*DATASET EXCERPT:*
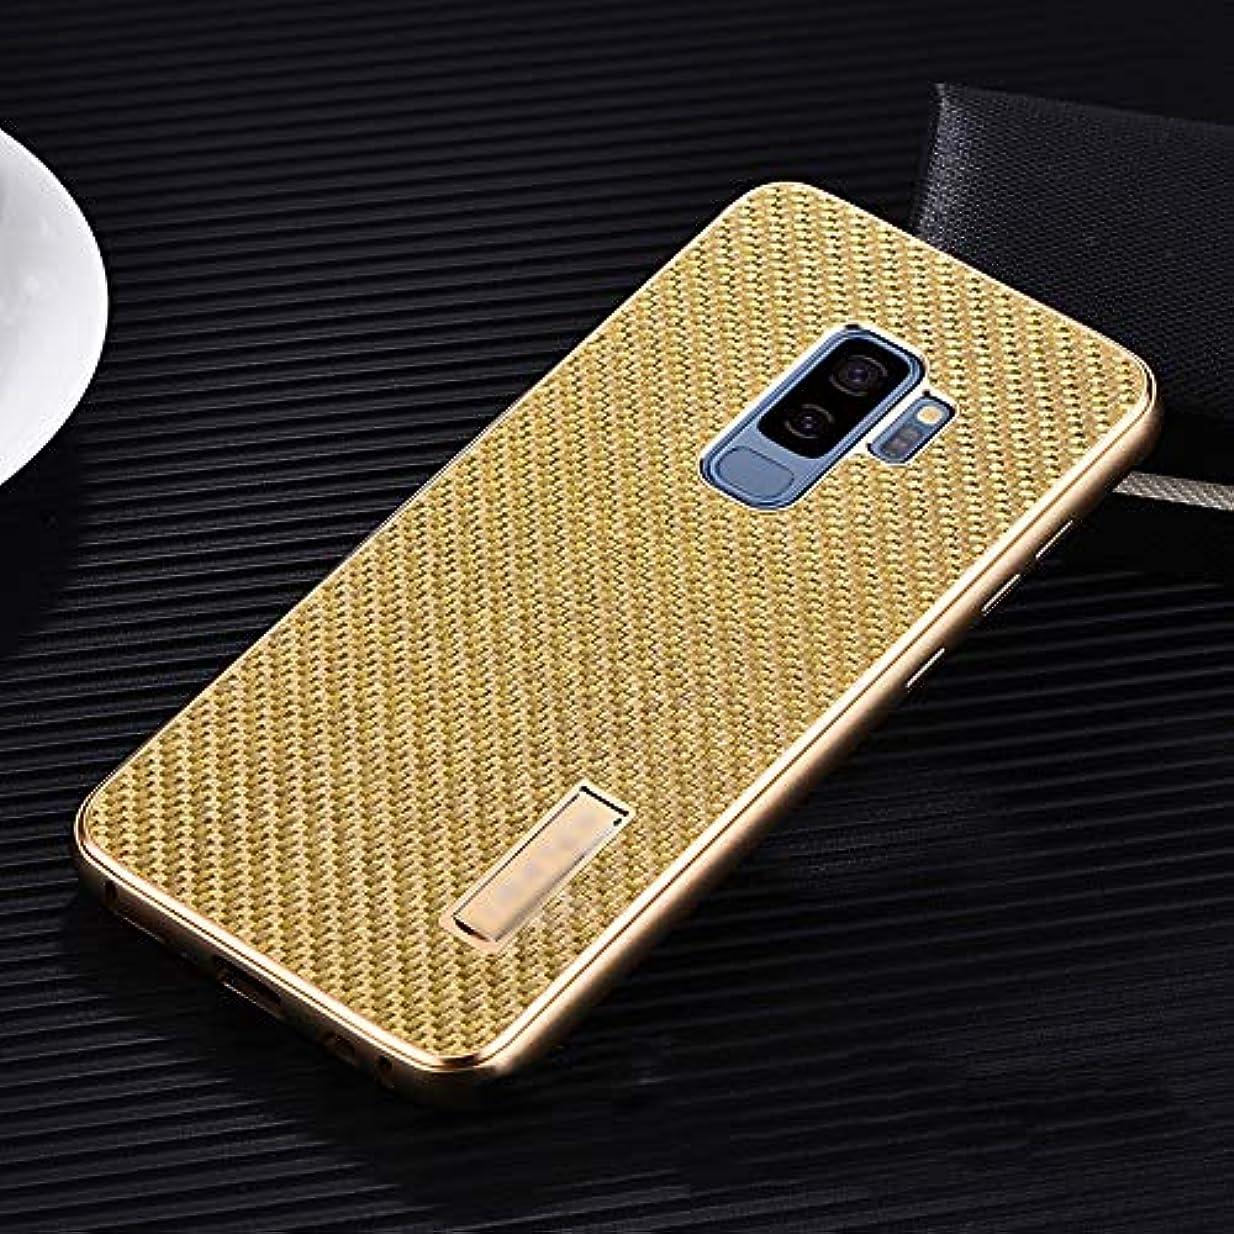 初期の特定の肉屋Tonglilili 電話ケース、サムスンS9プラス、S9、Note9、S8 Pluls、S8、S7のための包括的な反落下保護カバー新しい電話ケース (Color : ゴールド, Edition : S9 Plus)
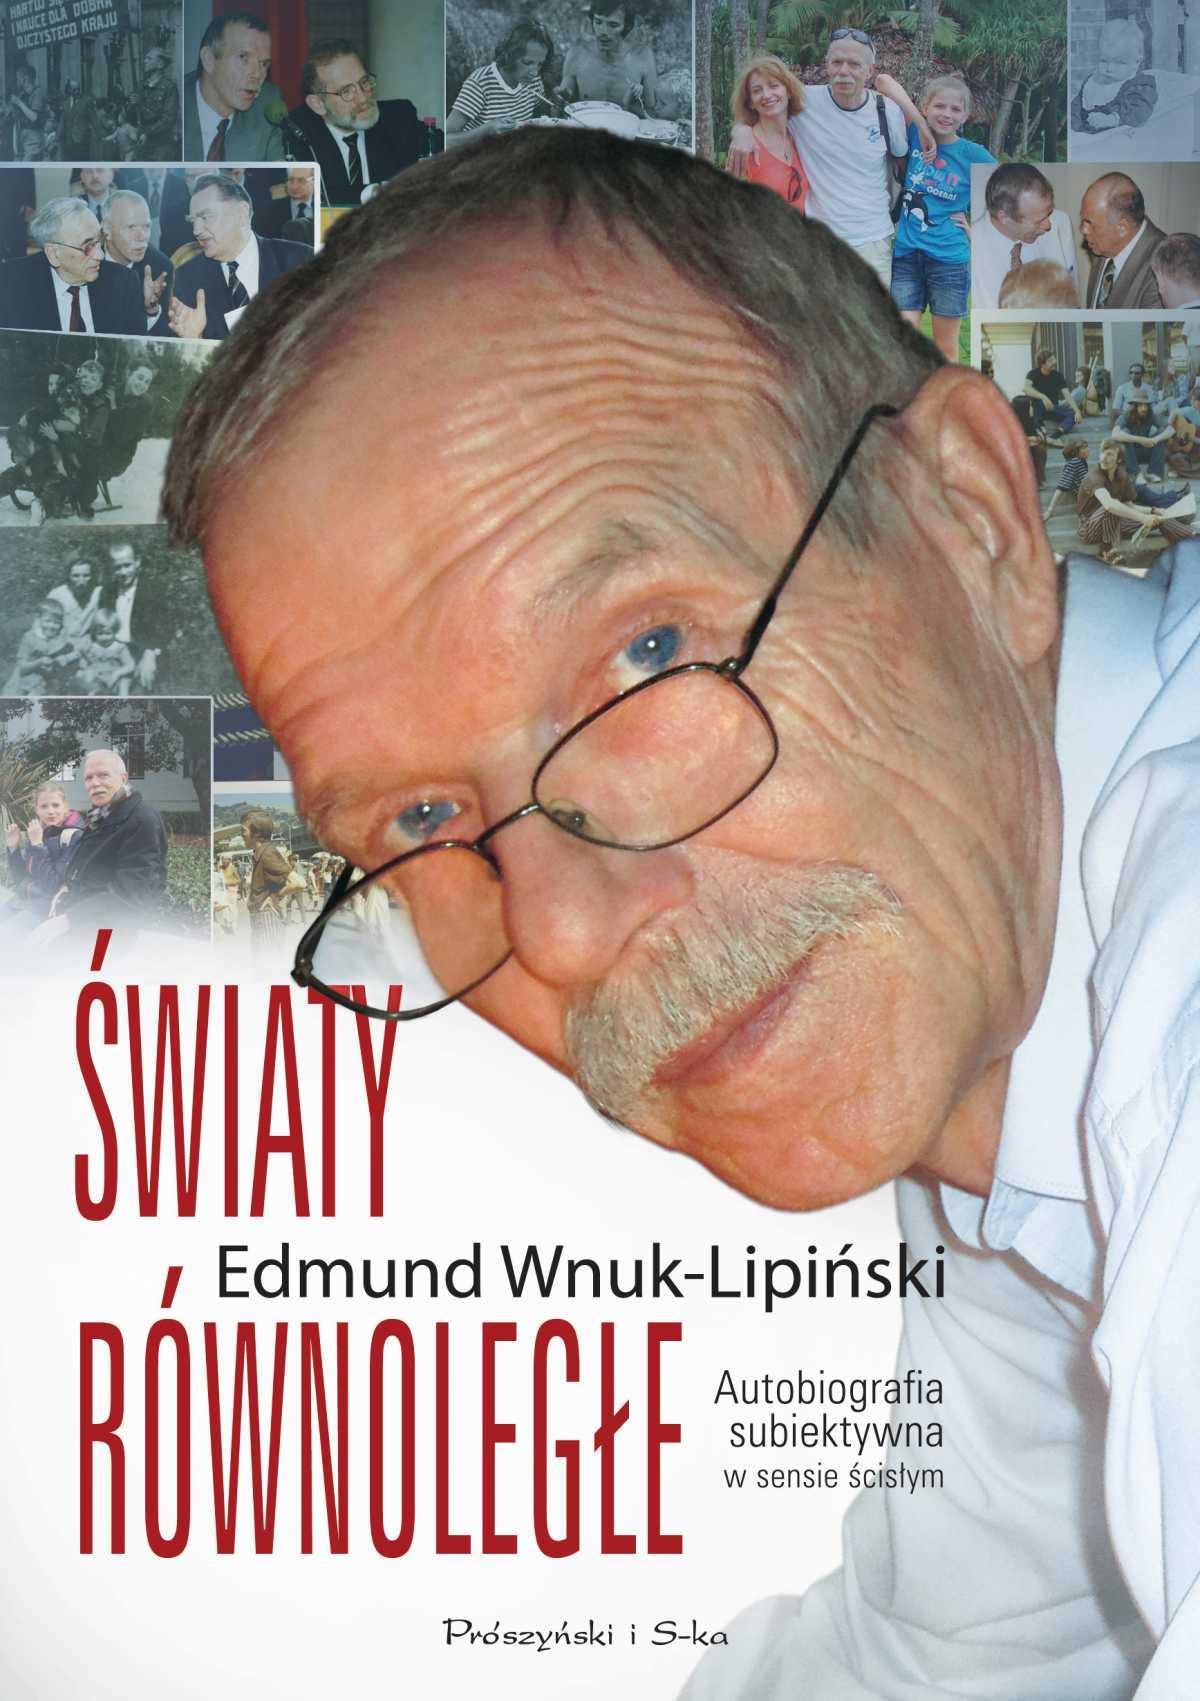 Światy równoległe. Autobiografia subiektywna w sensie ścisłym - Ebook (Książka EPUB) do pobrania w formacie EPUB
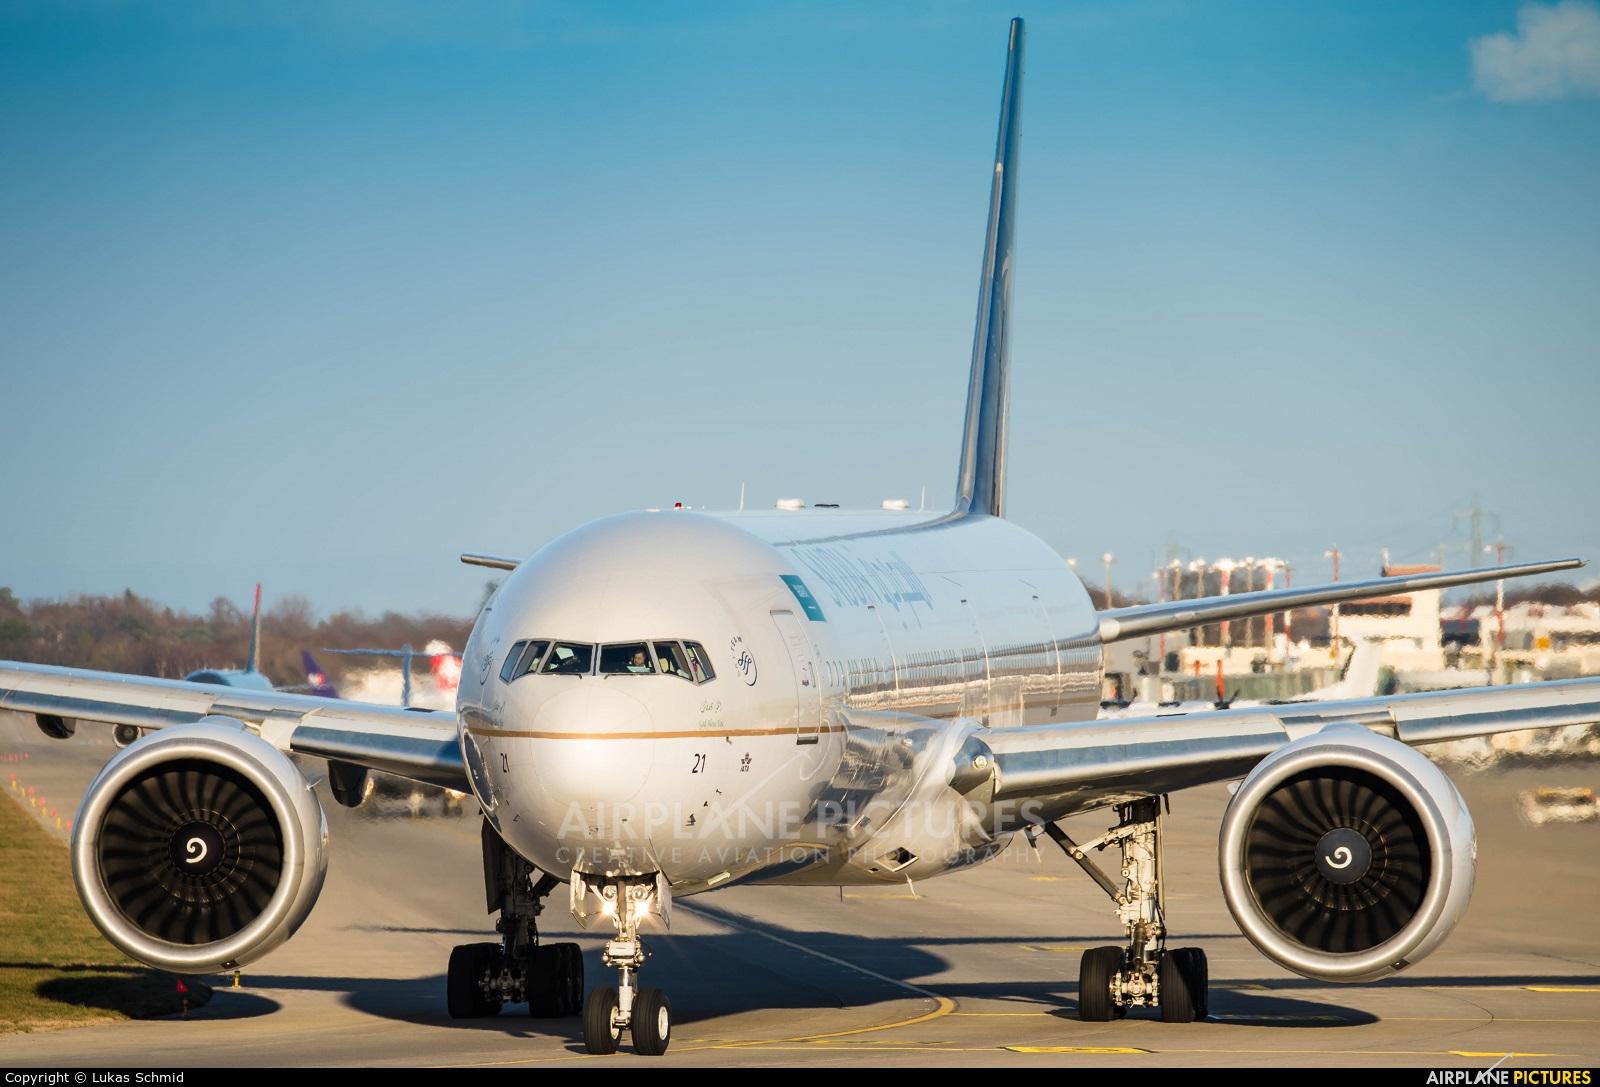 Saudi Arabian Airlines HZ-AK21 aircraft at Geneva Intl

*EXERCISE DESCRIPTION:*
Set down nothing but the lines from the one containing "Światy równoległe. Autobiografia" to the final line above, both included, with every picture left out.

*YOUR SOLUTION:*
 Światy równoległe. Autobiografia subiektywna w sensie ścisłym - Ebook (Książka EPUB) do pobrania w formacie EPUB
 Saudi Arabian Airlines HZ-AK21 aircraft at Geneva Intl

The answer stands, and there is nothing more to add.